TDD workflow · gaps then v1.3 · every test validated e2e
ainb skill-manager — TDD status
10/10
All green. 7 coverage gaps closed + 3 v1.3 features built test-first. Every test validated genuine end-to-end by a skeptical reviewer agent. Zero SQLite · clippy clean · zero v1.3 test failures.
Verified by re-running every test in isolation (not trusting the workflow's claims): catalog 8 · library 5 · provenance 8 · browse 4 deterministic tests + 8 live tmux tripwires + the [m] refresh tripwire (3/3 — it had flaked under 41-agent load). Branch feat/skill-manager-v1.3, pushed. The 34 suite-wide failures are all pre-existing (18 docker, 16 session/analytics flakes untouched since base) — none in skill-manager.
Phase 1 — coverage gaps closed
Each = a live tmux tripwire (or bash test) asserting the user-visible effect of a feature that had no coverage.

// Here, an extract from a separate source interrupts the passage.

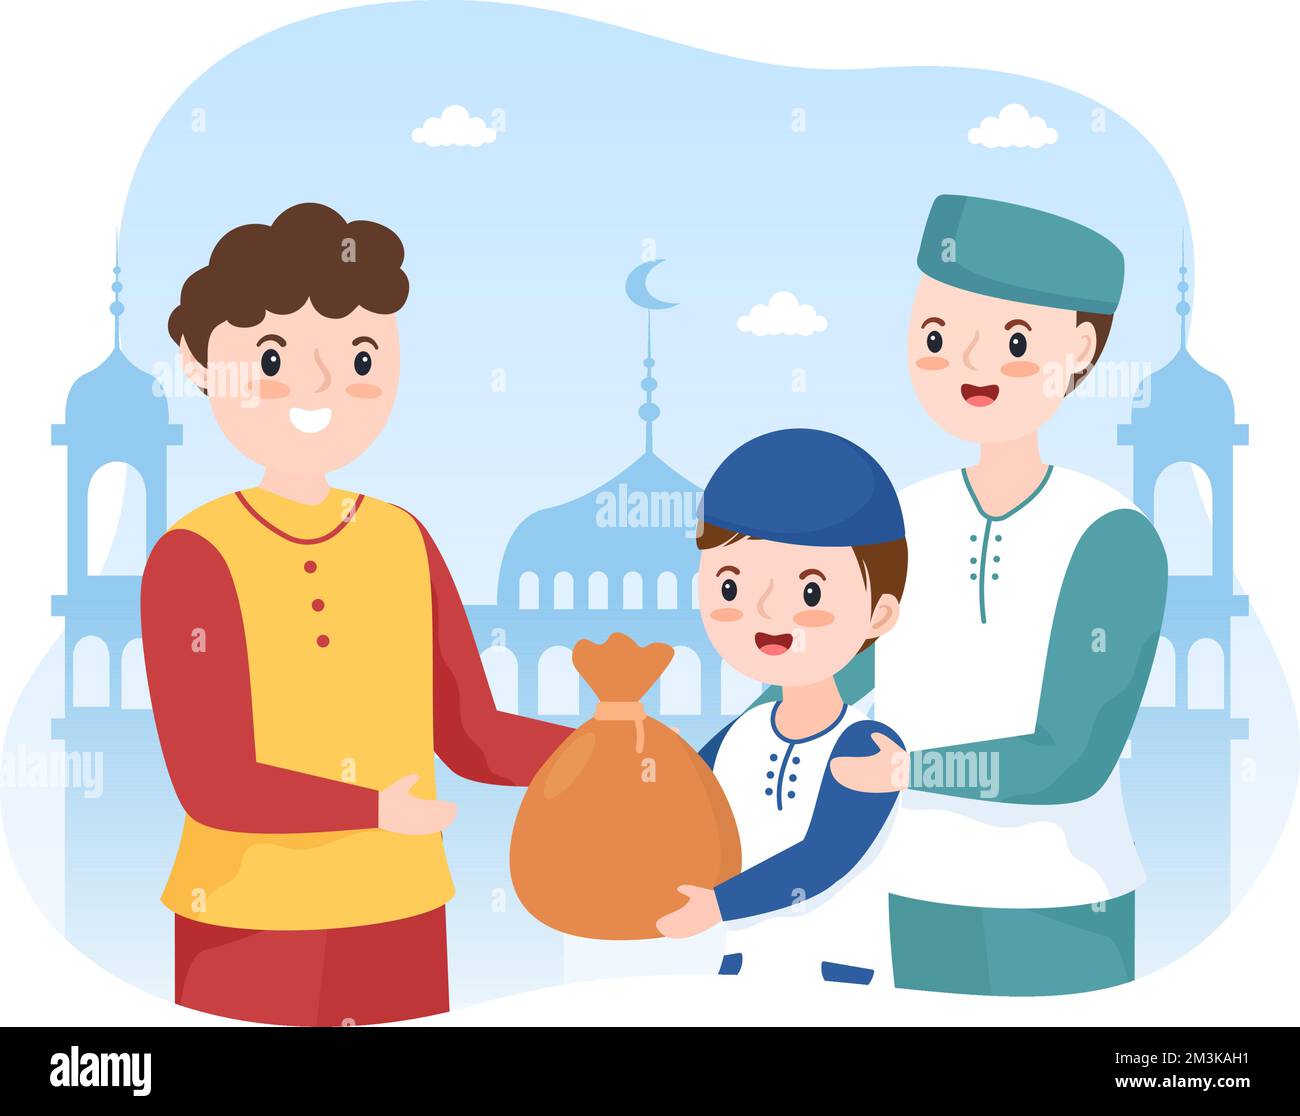 Muslim Kids Giving Alms, Zakat or Infaq Donation to a Person Who Need it in Flat Cartoon Poster Hand Drawn Templates Illustration Stock Vector

| Gap | Status | Genuine e2e? | Test |
| [c] check keybind | PASS | ✓ asserts "drift check running" toast | check_live.rs (+ fixed the keys_wired over-claim) |
| [u] update keybind | PASS | ✓ asserts update result notification | update_live.rs |
| [r] remove keybind | PASS | ✓ unit leaves the Units table | remove_live.rs |
| [m] refresh discovery | PASS | ✓ skip-marker planted → banner re-appears | refresh_discovery_live.rs |
| arrow / j-k / g-G nav | PASS | ✓ highlight moves + Detail updates | nav_keys_live.rs |
| banner [d] details + [s] skip | PASS | ✓ [s] writes the .skip-banner marker | discovery_details_skip.rs |
| sandbox bash safety guards | PASS | ✓ refuses / and $HOME; marker-gated teardown | sandbox_script_safety_guards.rs (+ CI wiring) |
Phase 2 — v1.3 features (TDD, no SQLite)
The three "steal from skills-manager" items, each with a CLI/pure test ladder + a live tmux tripwire.
| Feature (bead) | Status | Coverage | Test |
Provenance matcher
ai-ya9 | PASS | 5 attribute variants + synth_uri + scan CLI + live tmux (external clone shows gh: not local:). Pure, no SQLite. | provenance_tests.rs · provenance_live.rs |
Own-skill library
ai-lgk | PASS | YAML library.yaml roundtrip + add/new/list CLI + reject-outside-home + live tmux [l] view. No SQLite. | library_tests.rs · skill_library_tests.rs · library_live.rs |
Catalog browse
ai-a20 | PASS | CatalogBackend trait + MockCatalogBackend; rank/empty/api-error/url-builder + CLI browse + live tmux [b]→install. Zero network (mock at trait boundary). | catalog_tests.rs · skill_browse_tests.rs · browse_live.rs |
Validator verdict
A skeptical code-reviewer agent checked every test: drives the real binary/CLI, asserts user-visible output, would fail if the feature were removed, specific to the feature.
10/10 genuine. No tautologies, no over-mocking. The catalog mock sits at the HTTP trait boundary — the production code path runs, only the network call is canned. Every CLI subcommand and keybind has at least one assertion on its real effect.